Long Version:  I work with people.  That means that each day is a beautiful mess.

Some days it seems that all I see is the mess.  Broken people.  Hopeless situations.  Impossible barriers.  We spend several hours getting a plan in place only to have someone call it off.  But this is not the whole story  There is more.

There is beauty in the mess.

There is beauty in seeing a mom care of another's child as her own.  There is beauty is watching volunteers spend hours working on projects.  There is beauty in seeing one family envelope another in love.  There is beauty woven in and around this mess.

The question is, will I enter the mess in order to find the beauty?

The answer:  I must.  I must because Someone else entered the horrific, decrepit mess of my life.  And He makes beauty out of my life. 

He is a God who erases statistics - I love that about Him!  Those hopeless situations I wrote of?  He brings hope...He makes the impossible possible!  He knows about pain and suffering...the Bible says he was a "man of sorrows, acquainted with grief."  He can be near and dear to these families in need.  He knows what it is like to have a child ripped away and to watch them suffer. 

This Man brings beauty out of my oh-so-messy-life.  These families that I work with?  This Man wants to bring beauty out of their oh-so-messy-life.  And He wants to do the same to yours.

So my job is indeed a beautiful mess.

But I'm really just following His example.  :)

Thursday, July 7, 2011

Currently Reading: Too Small To Ignore

I'm starting a new "series" where I share what book I am currently reading and my thoughts on it.  I love to read all sorts of books.  But in this world of electronics, movies, TV and more, I have found that it becomes far too easy for me to put aside reading for another day or simply never finish a book.  This will be a simply accountability to both read and reflect.  And hopefully it will also encourage others to read. :)  Mr. Mays and I plan on reading books together when we're married, so hopefully that will give me even more to write about.
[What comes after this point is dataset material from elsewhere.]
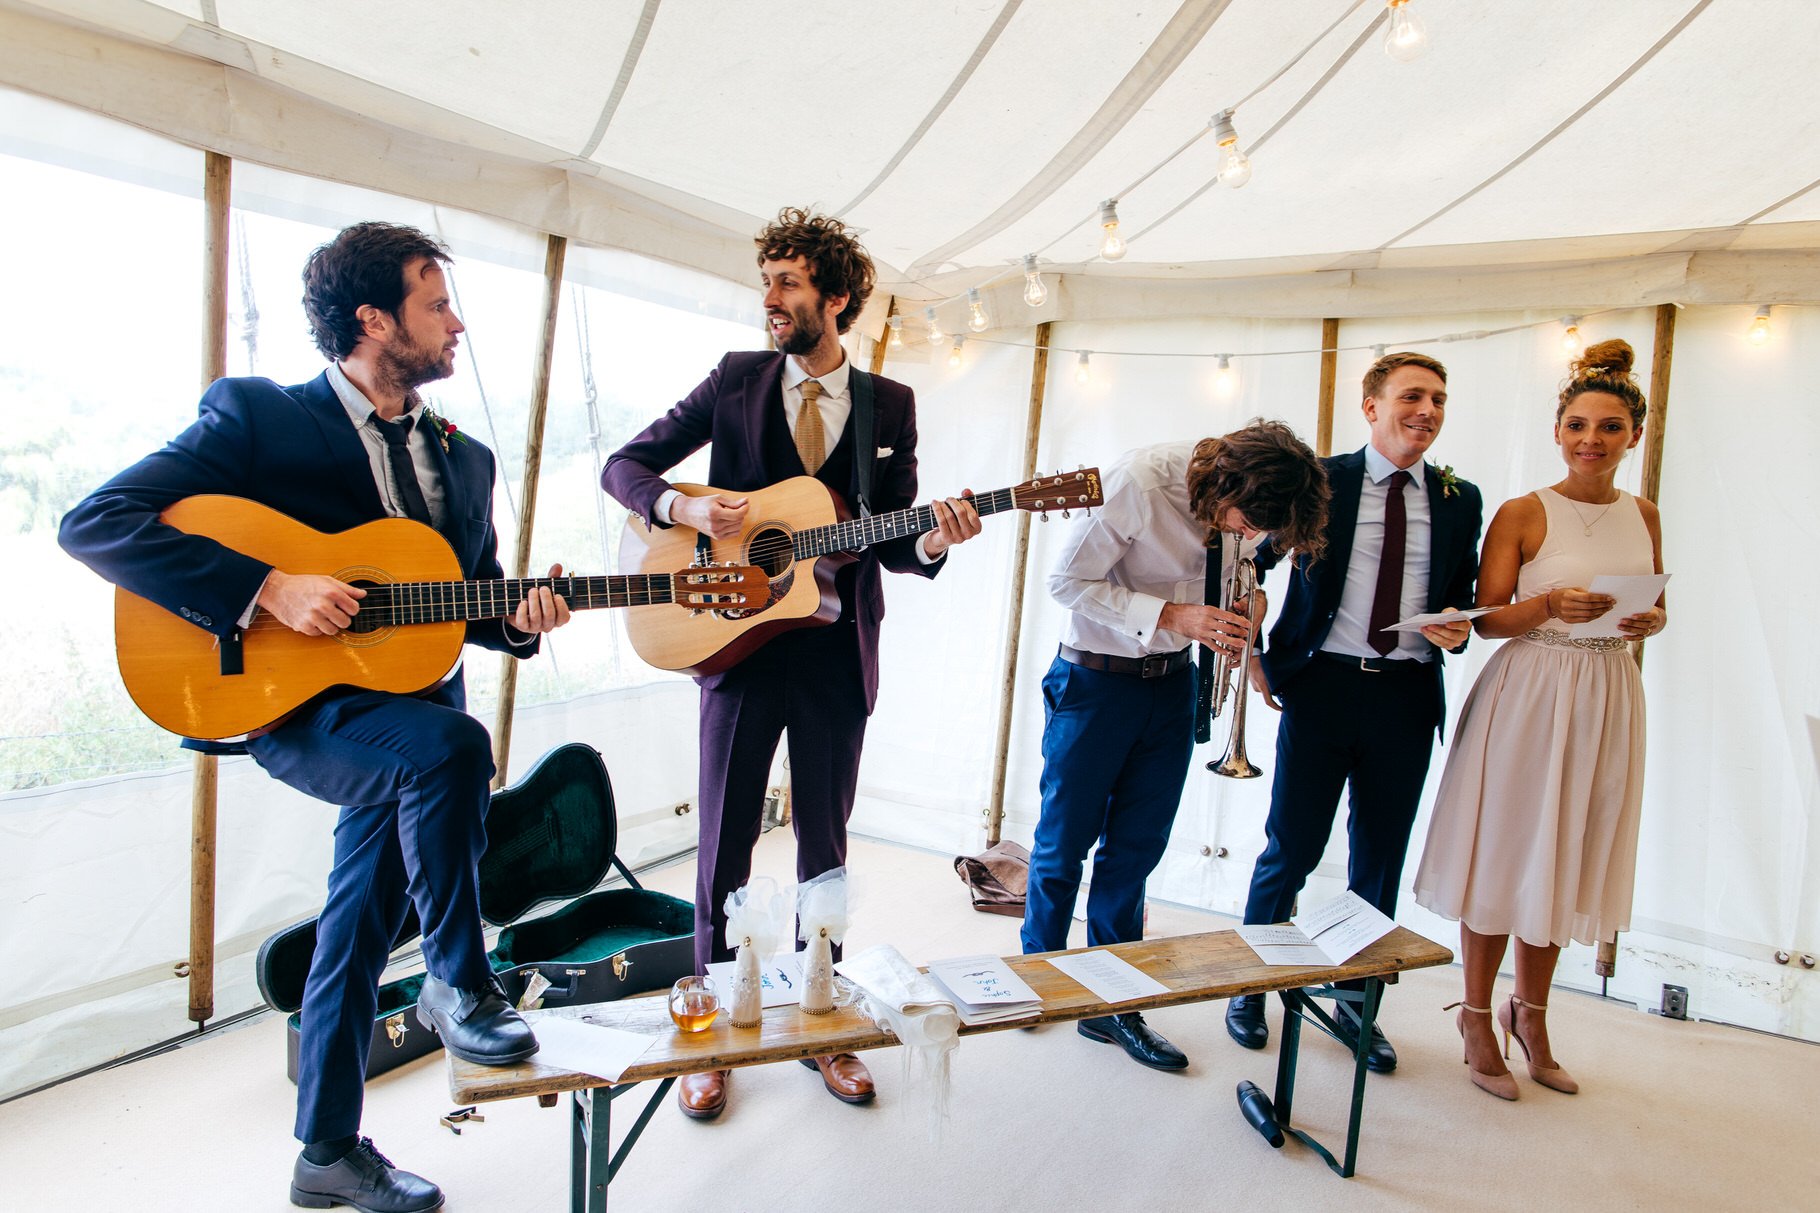 Musicians get ready to play their instruments in wedding tent

Too Small to Ignore:  Why The Least of These Matters Most

Dr. Wess Stafford, President and CEO, Compassion International

This book shares Stafford's personal life (including growing up in a remote African village) and his professional life.  He writes compellingly for Christians to "change the world one child at a time."  If you know me at all, I would hope that you know that I love teaching and working with children.  I spent two years doing children's ministry with Life Action Ministries, I have spent countless hours babysitting children, I have taught children's classes in at least four different churches.  Just last night I was sharing with Mr. Mays the excitement I feel when I see little ones understand the story and see their little hearts being turned towards God.  I still have a lot of the book left to finish, but already I am challenged and encouraged by Stafford's words.